# The guys with the funny white jackets are coming for me!



## mylissyk (Feb 25, 2007)

You can join me in my padded cell. Welcome to pack fostering.


----------



## BeauShel (May 20, 2007)

Hey I will share my white coat with you. LOL I have four goldens (one is a foster) right now with a white eskie and two cats. And my rescue wanted me to take another golden Friday but I had to decline. After having a puppy till 2 weeks ago with those 4 goldens I was really stressed. Plus I am looking for a job thru all this so it was crazy. And Tim is only home on the weekend so it is me all week. I was joking and said what is one more? LOL


----------



## sdain31y (Jul 5, 2010)

BeauShel,
For the remainder of the year, Brad is away all week too, so I feel your pain. And we are considering a 4 -5 mth old rescue from the local (Sav's chapter of Grateful Goldens) rescue. Add that to the 2 inside, 2 outside cats. A colony of feral cats near my work - 25 minutes away. A full time job and oh yeah, the pool installation that has destroyed the backyard and turned it into a giant dirt pile and mud hole!

Loving it!


----------



## Jax's Mom (Oct 16, 2009)

I have to laugh reading this post, because many of my friends (the not so crazy dog lovers), think I am crazy for taking in a foster dog making it dog #3 in the house, plus of course my cat, and parrot. If only I had a bigger house......
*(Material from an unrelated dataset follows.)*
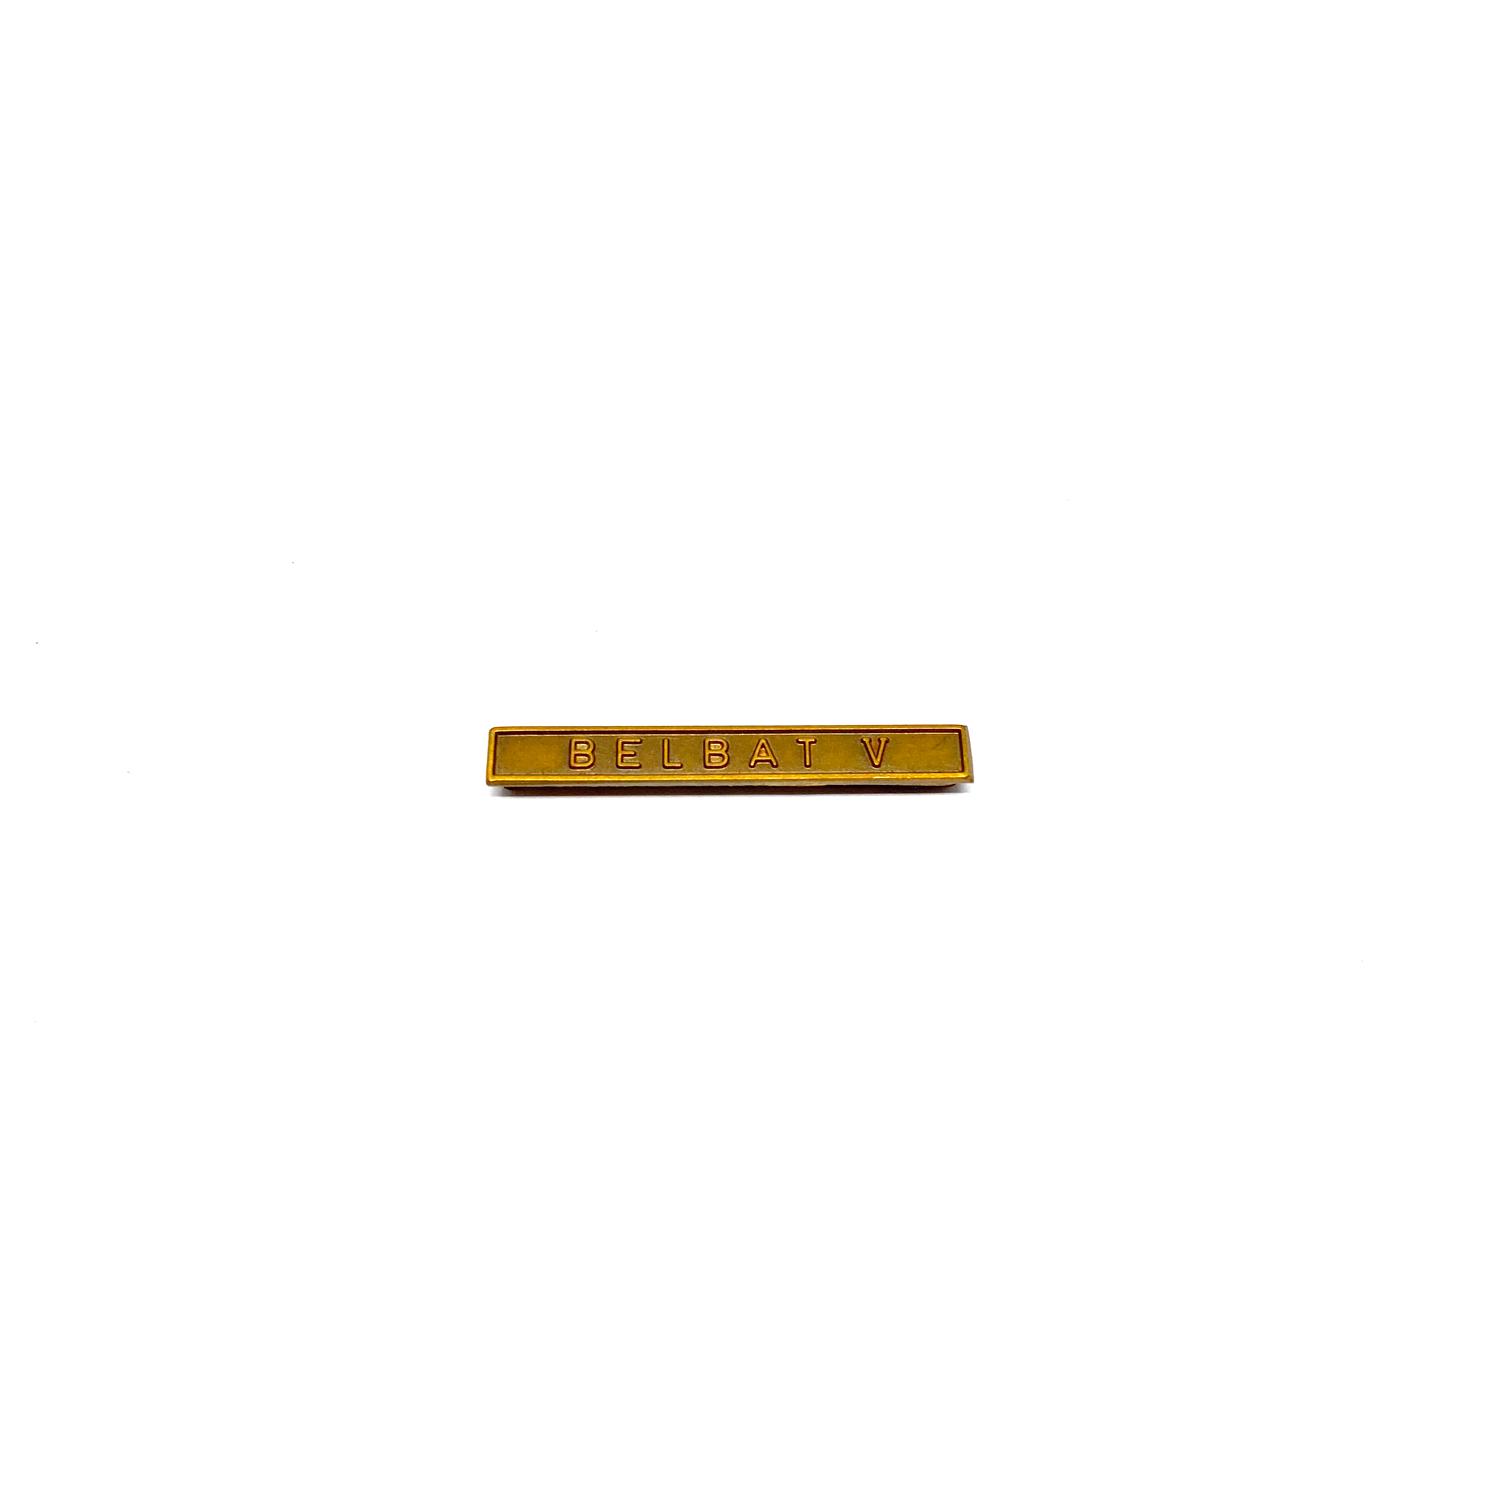 Barrette Belbat V pour décorations militaires

By the way...Bella really is bella!! She looks like such a sweetie pie!


----------



## coppers-mom (Jan 9, 2009)

Bella is so cute. A white jacket probably would probably go well with your halo and wings.


----------



## Rob's GRs (Feb 25, 2007)

All the best with your new foster Carley. It sounds like you will have a very active house now.


----------



## Jamm (Mar 28, 2010)

Bella is so cute! My god. You ARE a saint for doing this


----------



## Karen519 (Aug 21, 2006)

*Allan's Girl*

Allan's Girl

BELLA is JUST ADORABLE!! Can't wait for pictures of Carly.
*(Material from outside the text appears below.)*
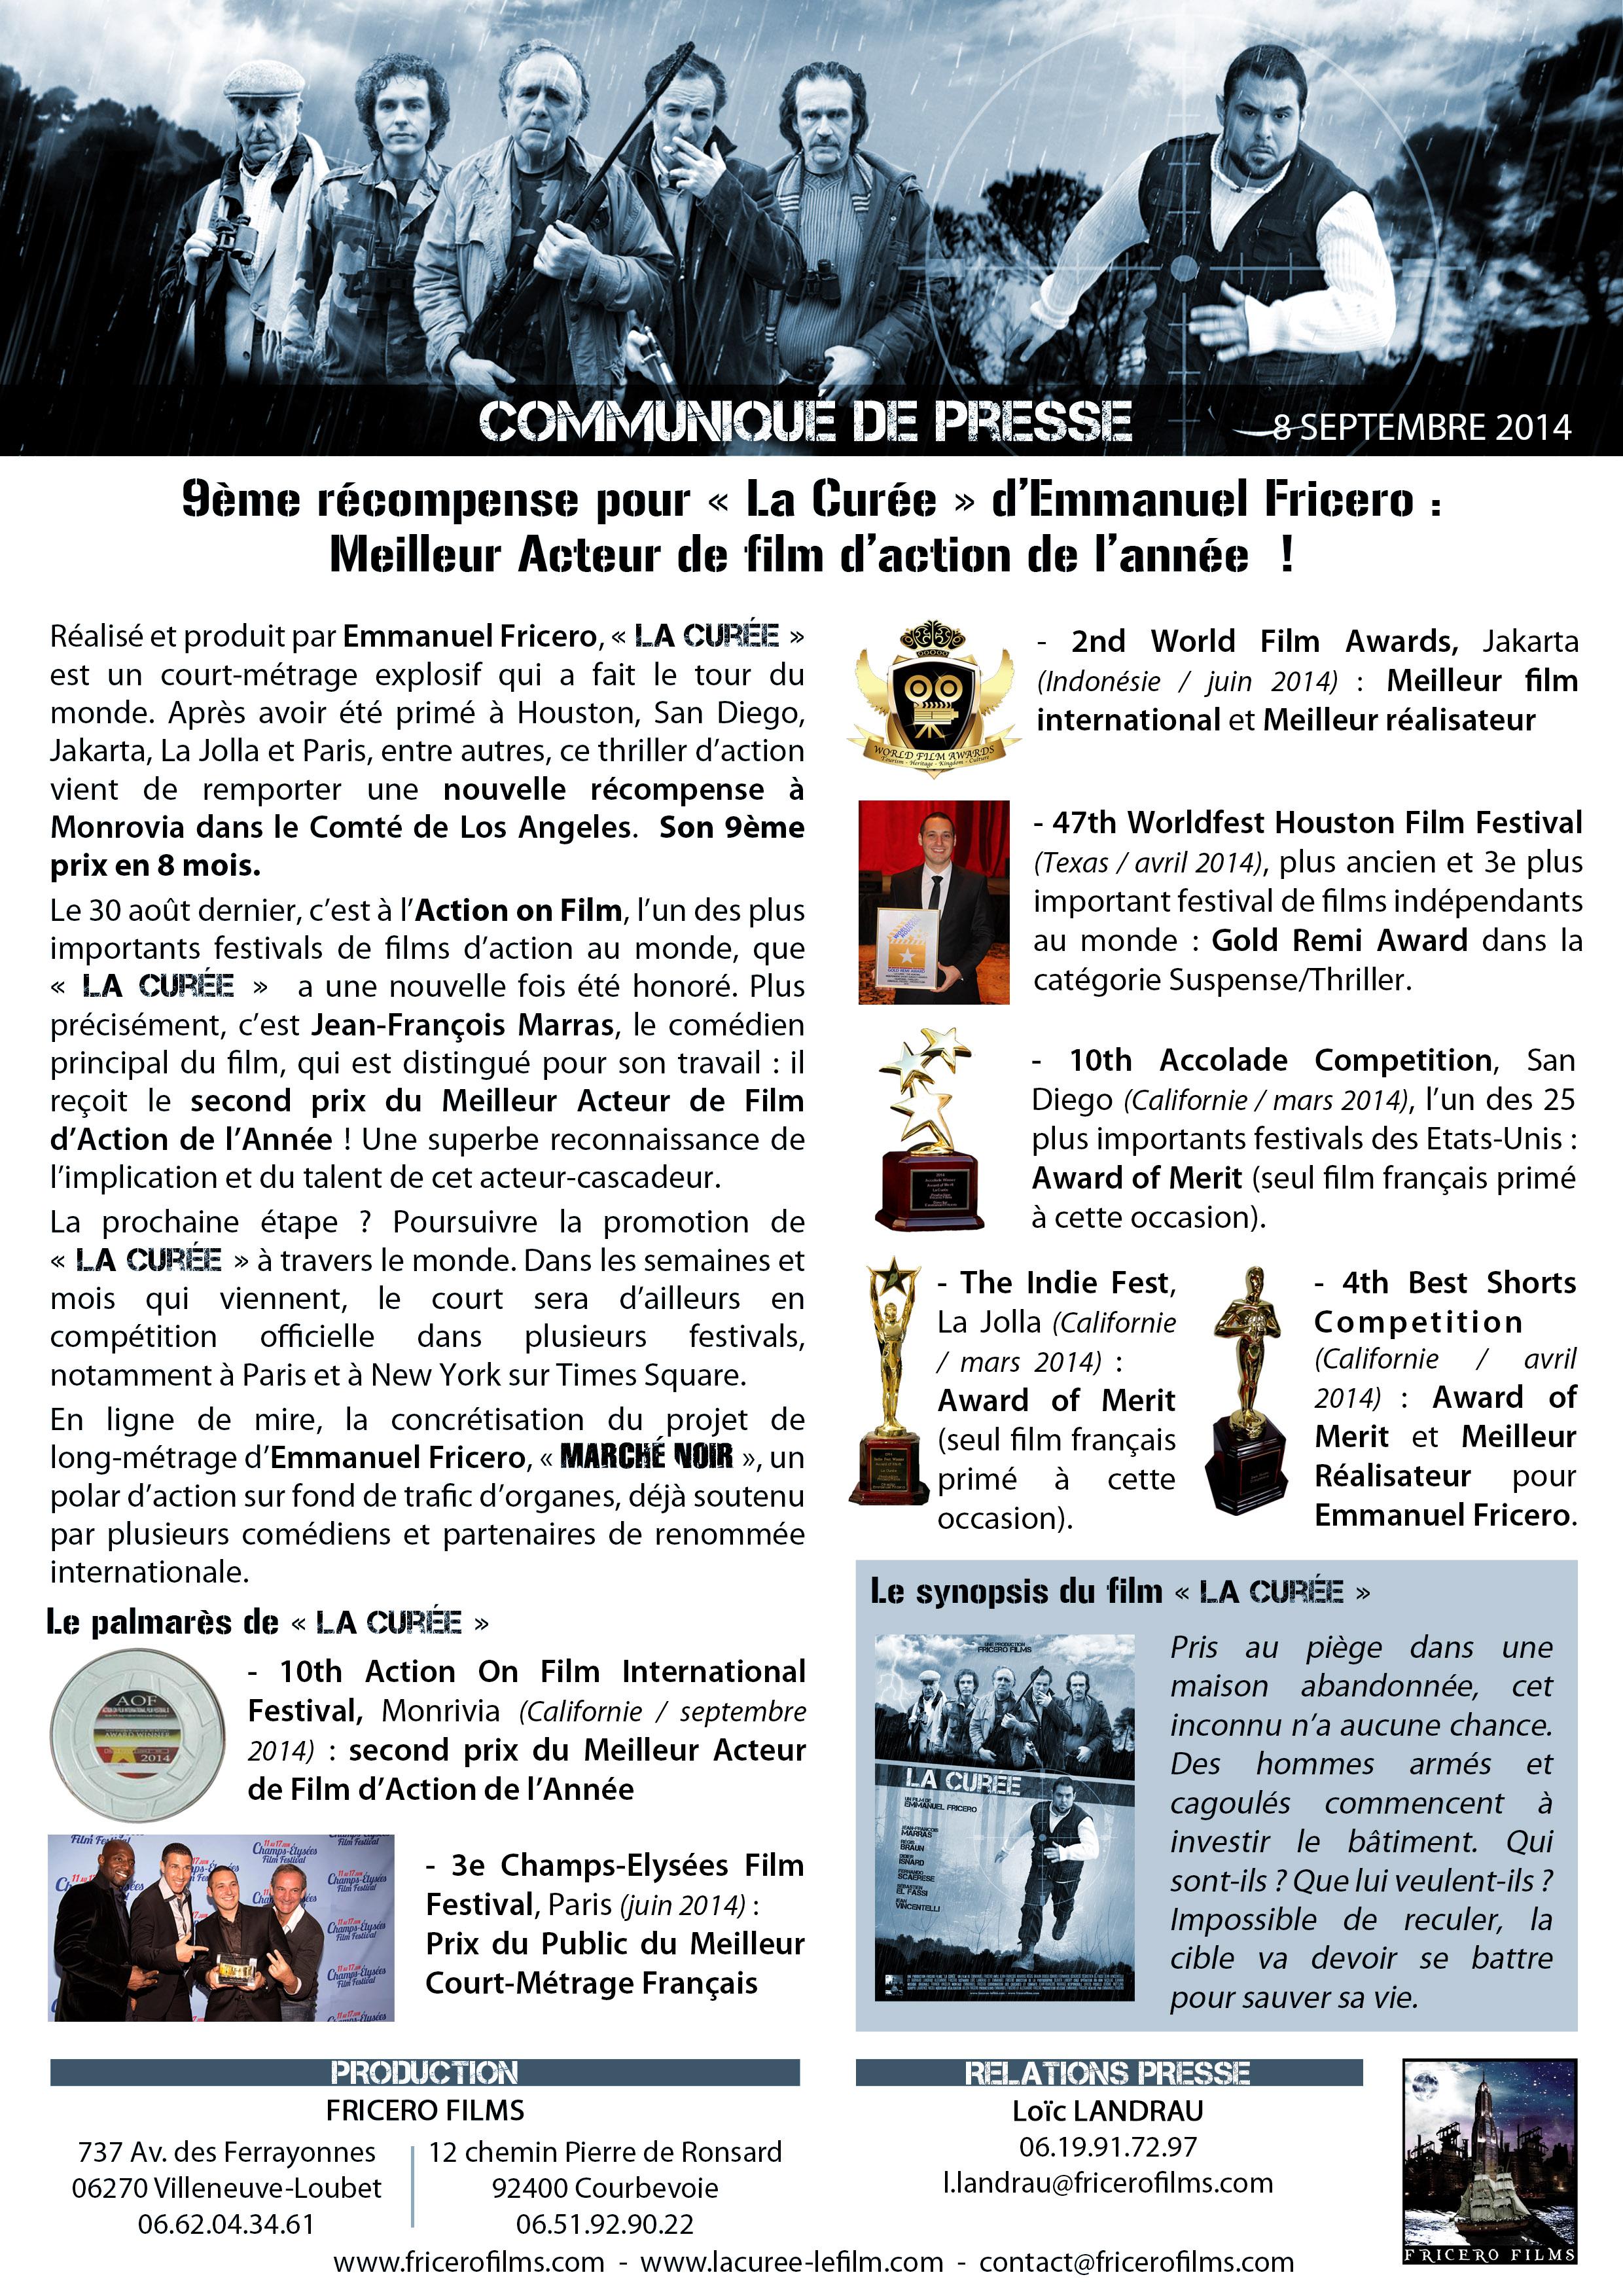 communiquedepresse-8Septembre14

How FUN TO foster two puppies-they will keep you on your toes for sure!!
You are wonderful to do this!!


----------



## Allan's Girl (Apr 16, 2009)

Just posted pictures of Carley's arrival in a thread named Carley meets the crew. Take a look. She is so cute.


----------



## jimla (Oct 9, 2008)

So wonderful of you to foster two puppies!


----------



## fostermom (Sep 6, 2007)

I hear you! My toughest challenge was the two 5 week old puppies coming into my home adding to my 3 dogs and 4 cats. The puppies literally pooped and peed 24/7. If they were in the crate when they did it, they jumped in the poop and pee and then jumped all over the inside of the crate. We had to power wash it a couple of times. LOL. I prefer 4 month old fosters....


----------



## Karen519 (Aug 21, 2006)

*Allan's girl*

ALLAN'S GIRL:

How are Bella and Carly doing?
Have you lost your sanity yet?:doh:


----------



## Allan's Girl (Apr 16, 2009)

Karen519 said:


> ALLAN'S GIRL:
> 
> How are Bella and Carly doing?
> Have you lost your sanity yet?:doh:


Carley and Bella get along wonderfully. They are either playing together or sleeping together. They are so cute. I am starting to lose my sanity, LOL. Just when I am trying to get all the dogs in the house or out of the house. Nobody wants to listen and everyone is doing their own thing. :bowl:


----------